Entries shown below:

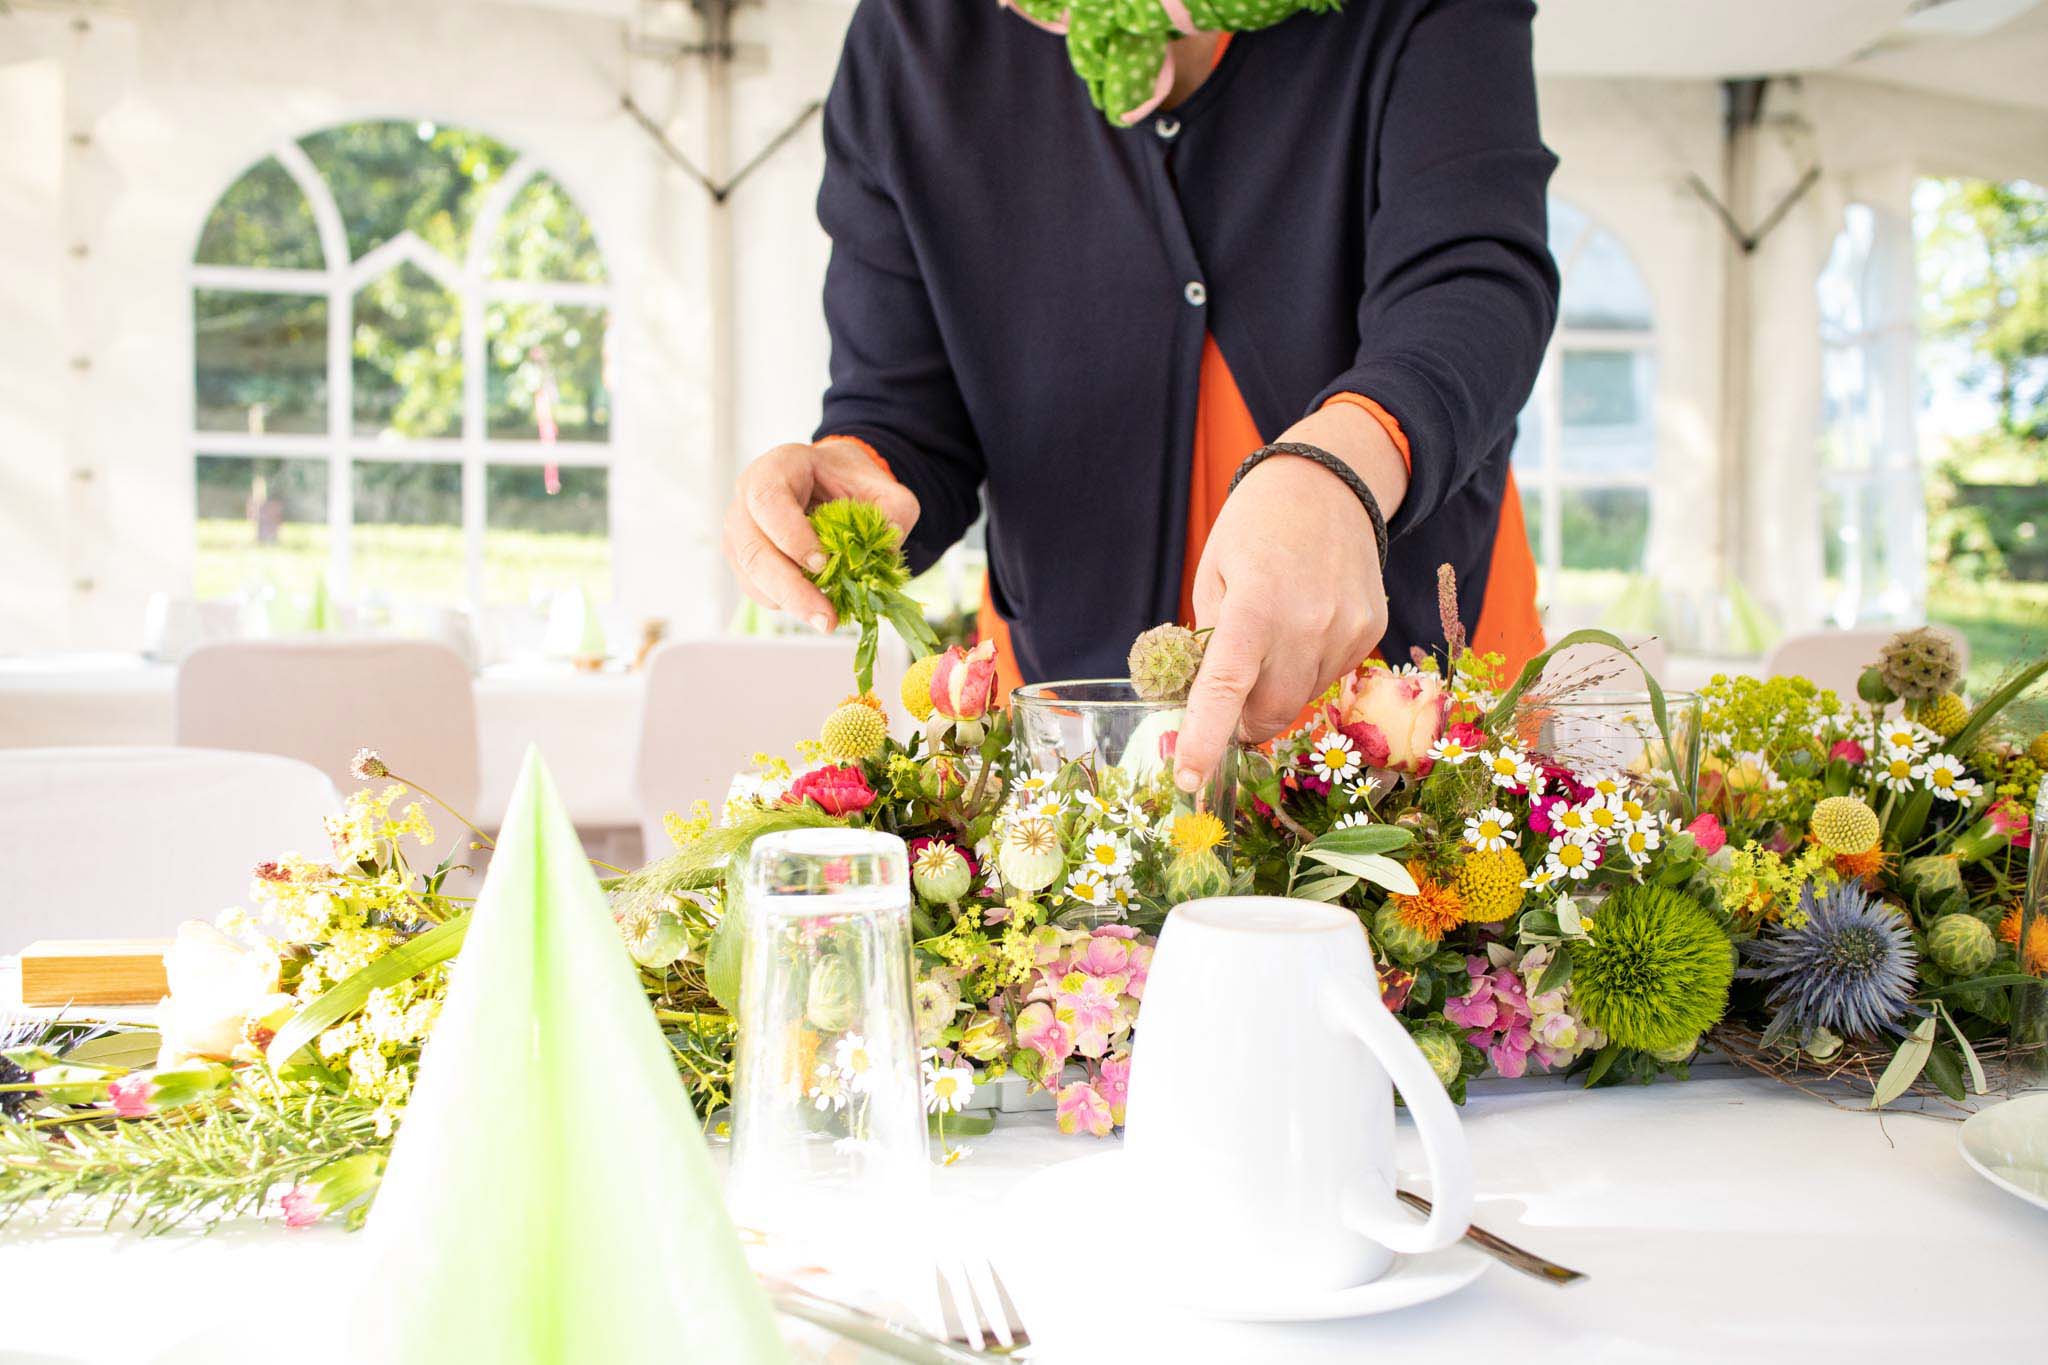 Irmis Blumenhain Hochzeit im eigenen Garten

End of Entries shown.
Entries shown below:

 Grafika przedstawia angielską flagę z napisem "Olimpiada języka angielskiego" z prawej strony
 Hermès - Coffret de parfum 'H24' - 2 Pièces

End of Entries shown.
Entries shown below:

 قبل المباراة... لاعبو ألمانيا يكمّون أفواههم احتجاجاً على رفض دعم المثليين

End of Entries shown.

> _Exercise details_: Find the line with "Grafika przedstawia angielską" in the material above. Reproduce it and each line after it up to and including the line with "Hermès - Coffret de parfum 'H24' - 2 Pièces".

> _Expected answer_:
 Grafika przedstawia angielską flagę z napisem "Olimpiada języka angielskiego" z prawej strony
 Hermès - Coffret de parfum 'H24' - 2 Pièces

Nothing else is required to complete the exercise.